Evaluations
Without evals, you don't know if your agent is improving or regressing when you change a prompt, swap a model, or add a tool.
The Decision
Add evals before you tune, not after. If you can't measure quality today, every prompt change is a guess. The question isn't whether to have evals — it's which type you need for your current stage.
| Stage | Minimum eval bar |
|---|---|
| Prototype | 20-50 hand-written examples, pass/fail by eye |
| Pre-ship | Automated evals covering your known failure modes |
| Production | Continuous regression suite + sampling of live traffic |
Types of Evals
Deterministic evals — exact string match, JSON schema validation, regex. Fast, cheap, no hallucination risk. Use for structured outputs: does the model return valid JSON? Did it call the right tool?
Model-graded evals — a second LLM judges the output. Use for open-ended quality: is the answer factually correct? Is the tone appropriate? Cheap enough to run on every change; not perfectly reliable.

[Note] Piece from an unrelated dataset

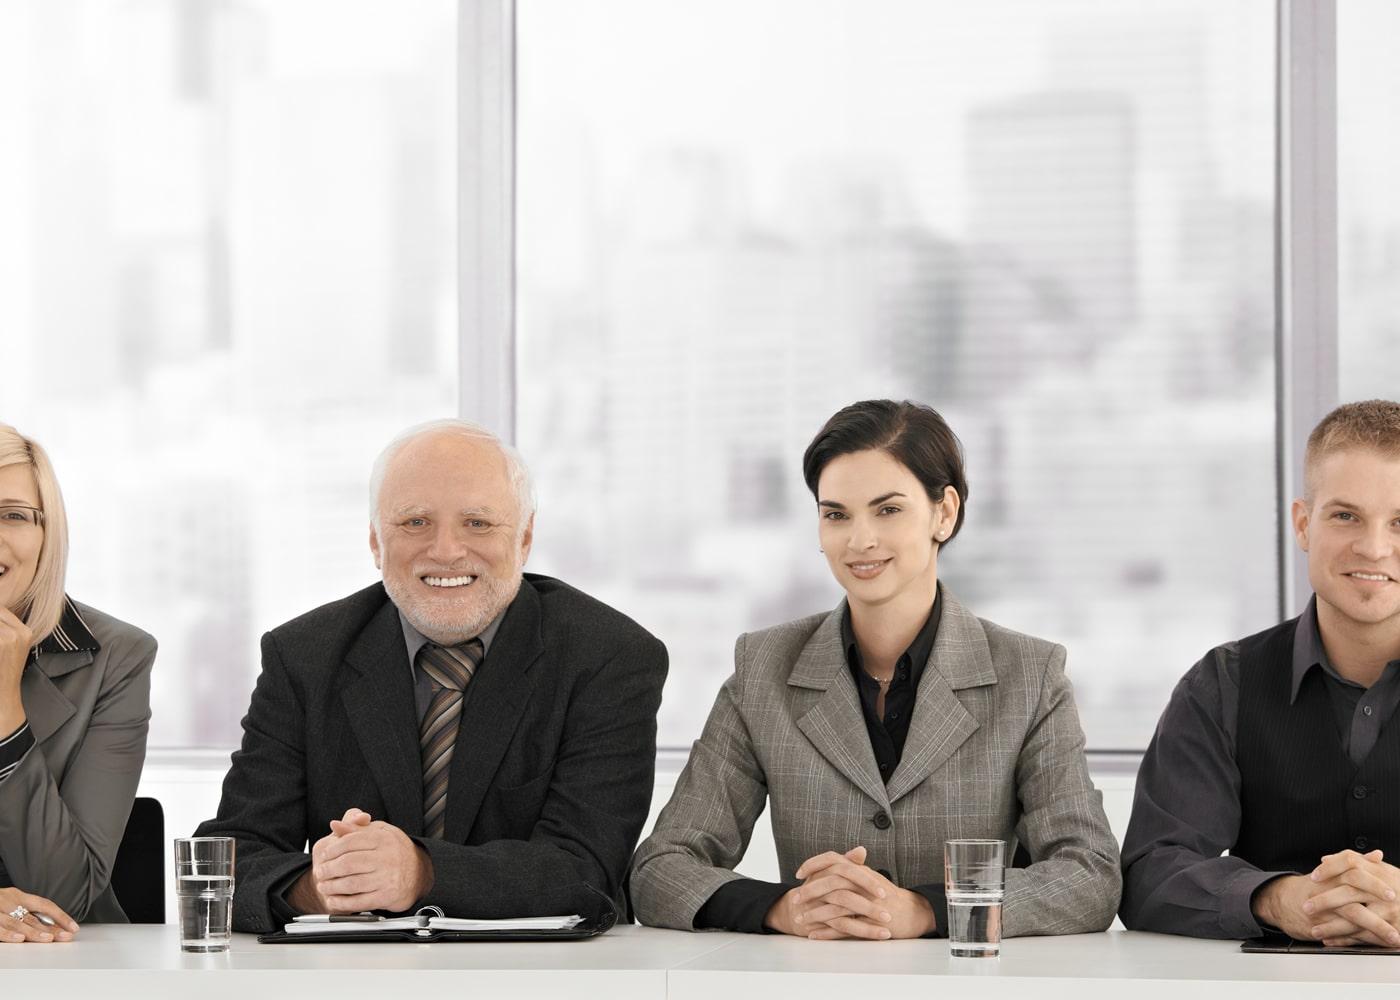 naem-webinar-2015-engaging-and-managing-a-multigenerational-workforce-700x500

Human evals — a person scores outputs. The ground truth for anything that matters. Expensive and slow. Reserve for calibrating your model-graded evals, not for CI.

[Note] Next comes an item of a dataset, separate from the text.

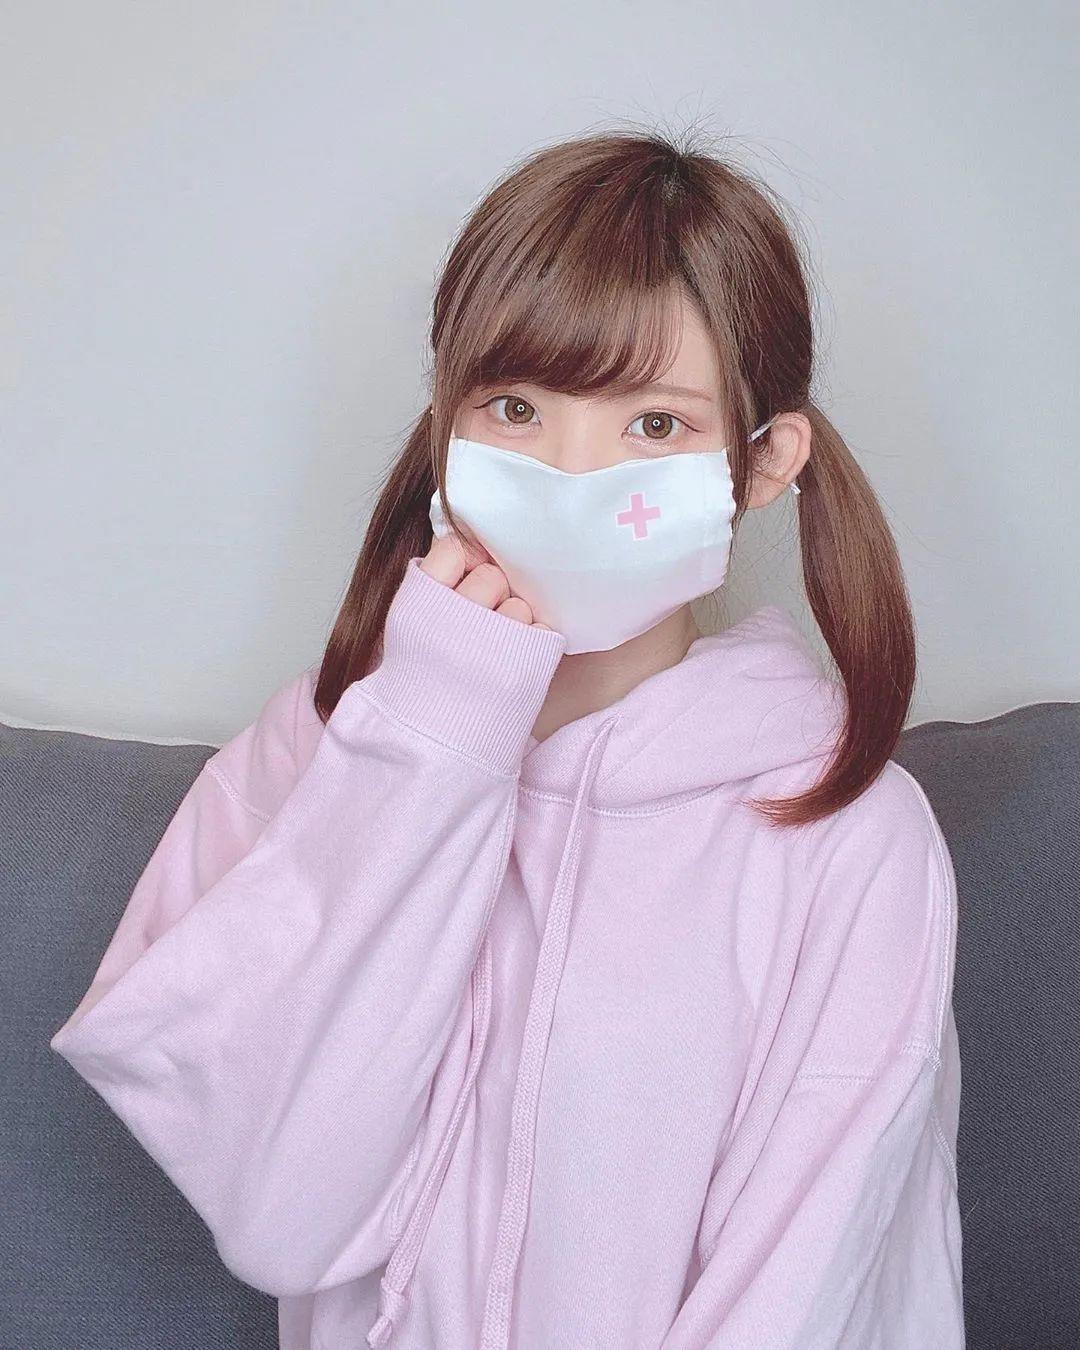 日本第一coser(Enako) Instagram:enakorin日常照及coser照_图片 No.6

Task-completion evals — run the full agent loop against a scenario and check whether the end state is correct. Slowest, most realistic. Run nightly, not on every commit.
What to Measure
Pick metrics that reflect what actually matters in production:
- Exact match rate — for extraction, classification, structured output
- Tool call accuracy — did the model call the right tool with valid arguments?

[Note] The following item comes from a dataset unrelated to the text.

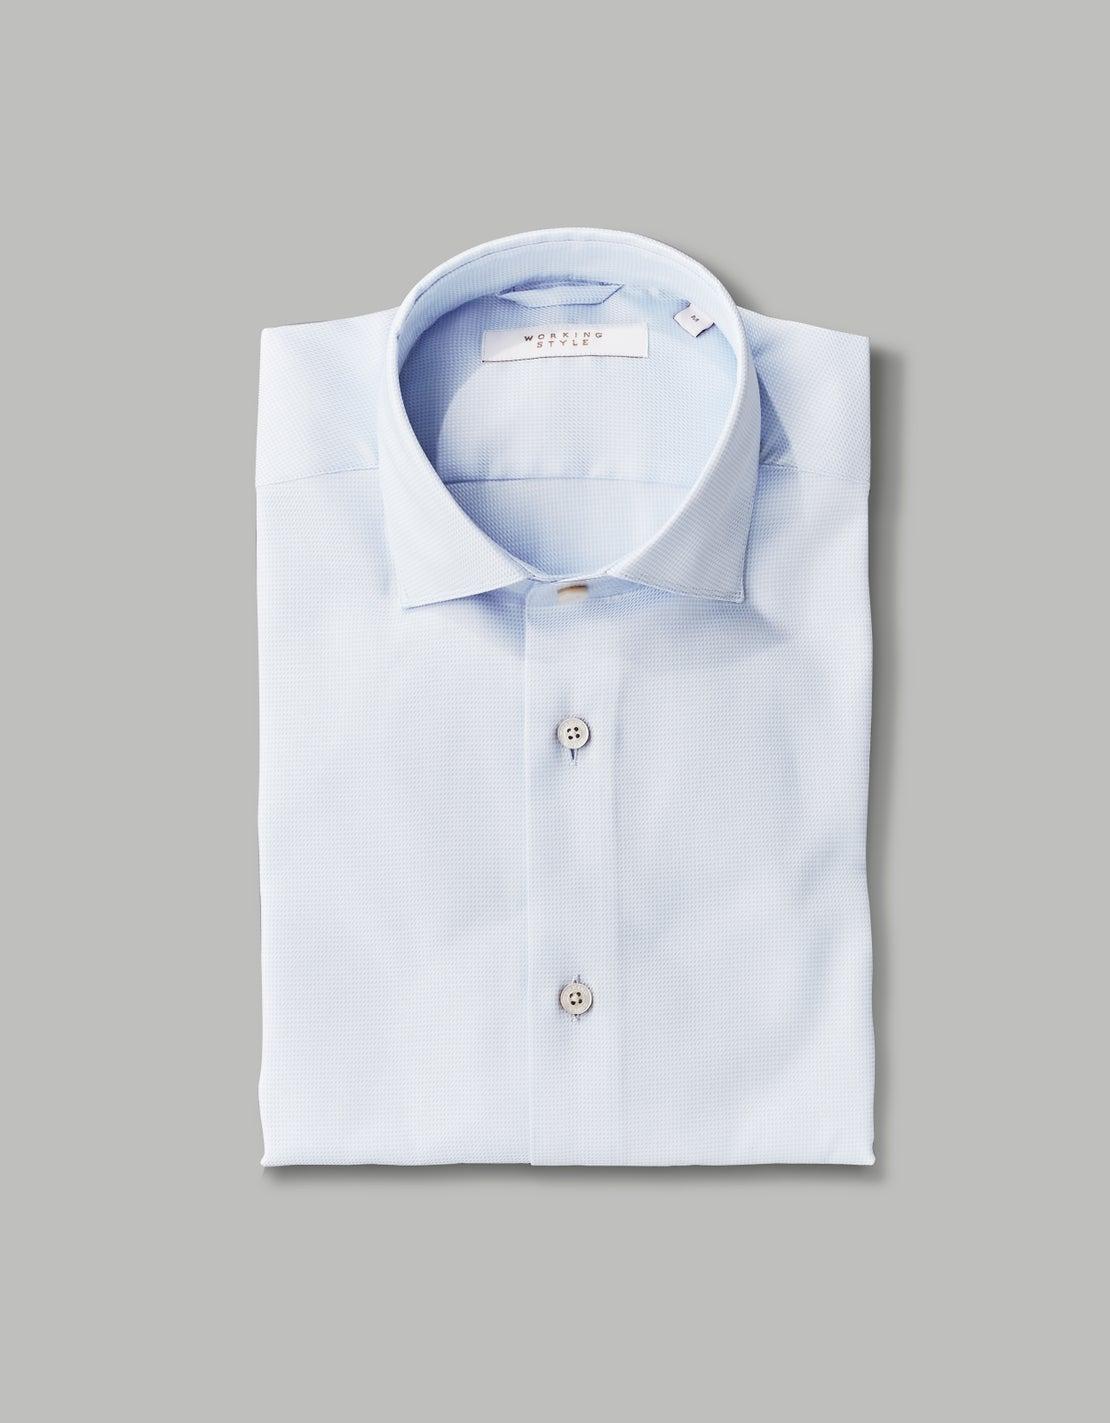 Pale Blue Micro Puppytooth Shirt

- Task completion rate — end-to-end success over a scenario set
- Faithfulness — is the answer grounded in the provided context (no hallucination)?
- Instruction following — did the model respect constraints (format, length, refusals)?
Avoid generic scores like "helpfulness 1-5." They don't tell you what broke.
Building an Eval Harness
Minimum viable setup:
# Run a prompt against a model, compare to expected
def run_eval(case: EvalCase) -> EvalResult:
response = model.complete(case.prompt)
passed = case.check(response)
return EvalResult(case_id=case.id, passed=passed, output=response)Practical decisions:
- Store inputs and expected outputs in a file, not in test code. They change more often than the harness.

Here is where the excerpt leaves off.